Die Türen - Kapitalismus Blues Band
Staatsakt / BertusVÖ: 06.10.2023
Menschen, Häuser, Explosionen
"Du hast Angst vorm Hermannplatz." So stand es vor Jahren auf den Stoffbeuteln von Berliner Hipster*innen. Der Herr mit dem pinkfarbenen Anorak aus der neuesten Musikvideo-Fortsetzungsgeschichte von Die Türen kann nicht gemeint gewesen sein: Der stapft die ungut beleumundete Neuköllner Örtlichkeit nämlich so übellaunig entlang, dass man ihn nicht dumm von der Seite anquatschen sollte. Aber "Alles nicht so schlimm", wie es einst auf "ABCDEFGHIJKLMNOPQRSTUVWXYZ" hieß: Beim vermeintlich bösen Mann handelt es sich um den renommierten Theaterregisseur Patrick Wengenroth, der 2017 zusammen mit Maurice Summen bereits das Fussical "Der Spielmacher" inszenierte. Und nun durch sein Mitwirken indirekt zum 20-jährigen Bestehen des bandeigenen Labels Staatsakt gratuliert. Oder zumindest zum neuen Album von Die Türen.

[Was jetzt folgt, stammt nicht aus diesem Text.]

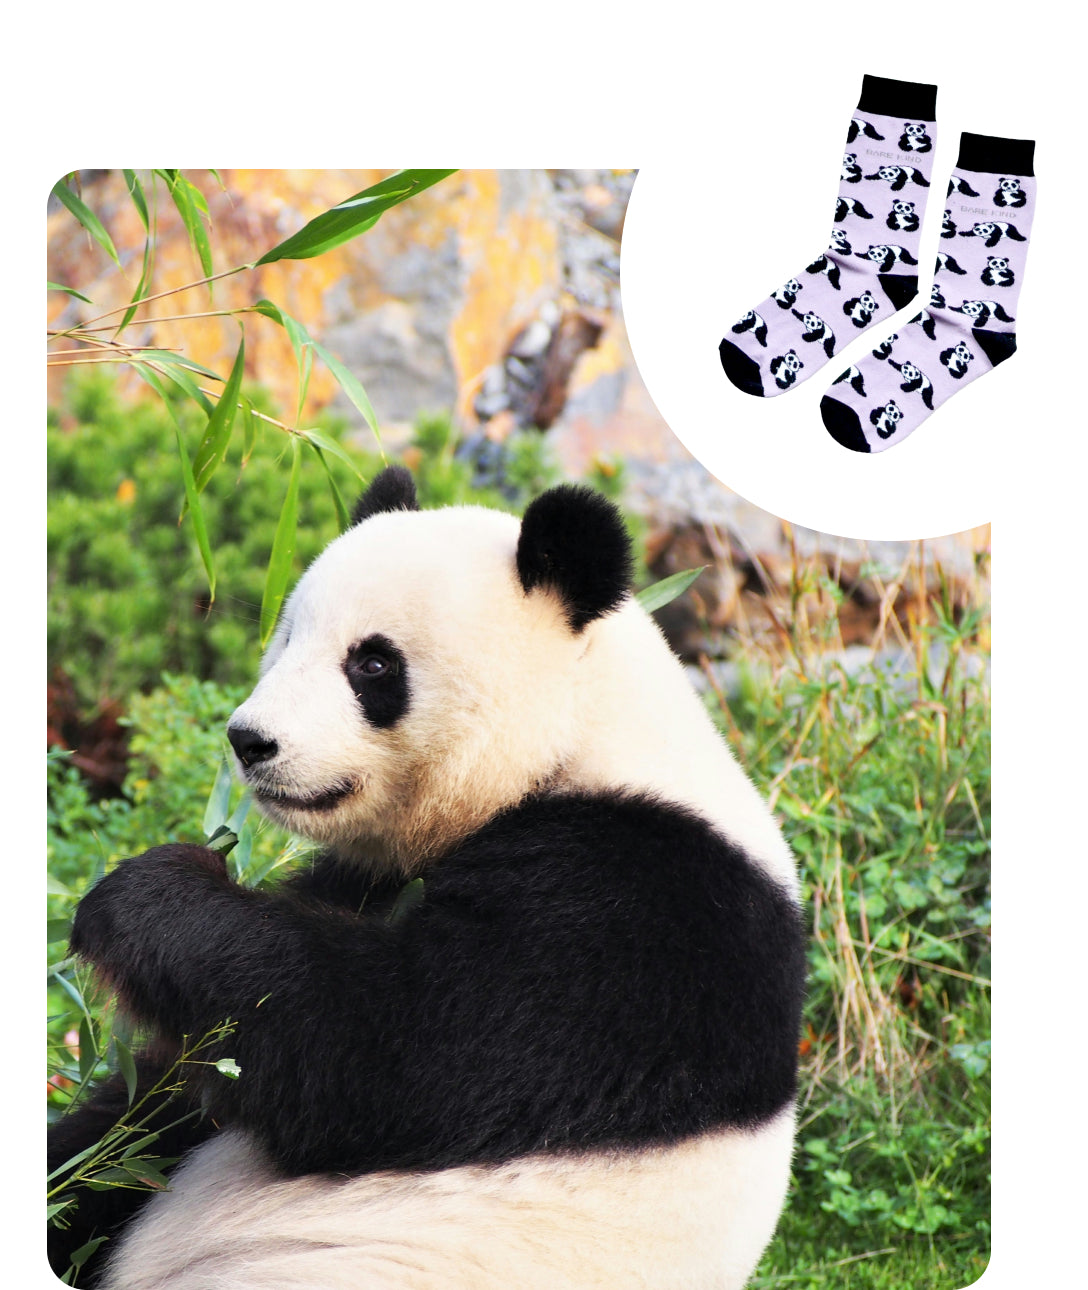 panda image and panda bamboo socks

Glaubt man der Band, hat Ersteres jedoch nichts mit Letzterem zu tun und wird vielmehr mit Gala-Abend und prominent besetzter Ochsentour gefeiert. Betrachten wir Longplayer Nummer sechs also separat – und konstatieren, dass man im Grunde nur die ersten beiden Stücke dieses stilistisch planvoll aufgefächerten Brockens hören muss, um über die gröbsten gesellschaftspolitischen Entwicklungen im Bilde zu sein und sich dabei gut unterhalten zu fühlen. Musikstreaming-Debatte, NFT-Hype, Einführung des Bürgergeldes, Hass im Netz: alles drin im Opener "Gut für mich, schlecht für die Welt", der zu Sägezahn-Gitarren einen imposant plärrenden Krawall-Groove vor sich herkickt. "Grunewald is burning" rollt danach im Stile angestochener LCD Soundsystem die Explosionen auf dem Sprengplatz des Villenviertels auf – macht Spaß, macht Punk. Revolution demnächst.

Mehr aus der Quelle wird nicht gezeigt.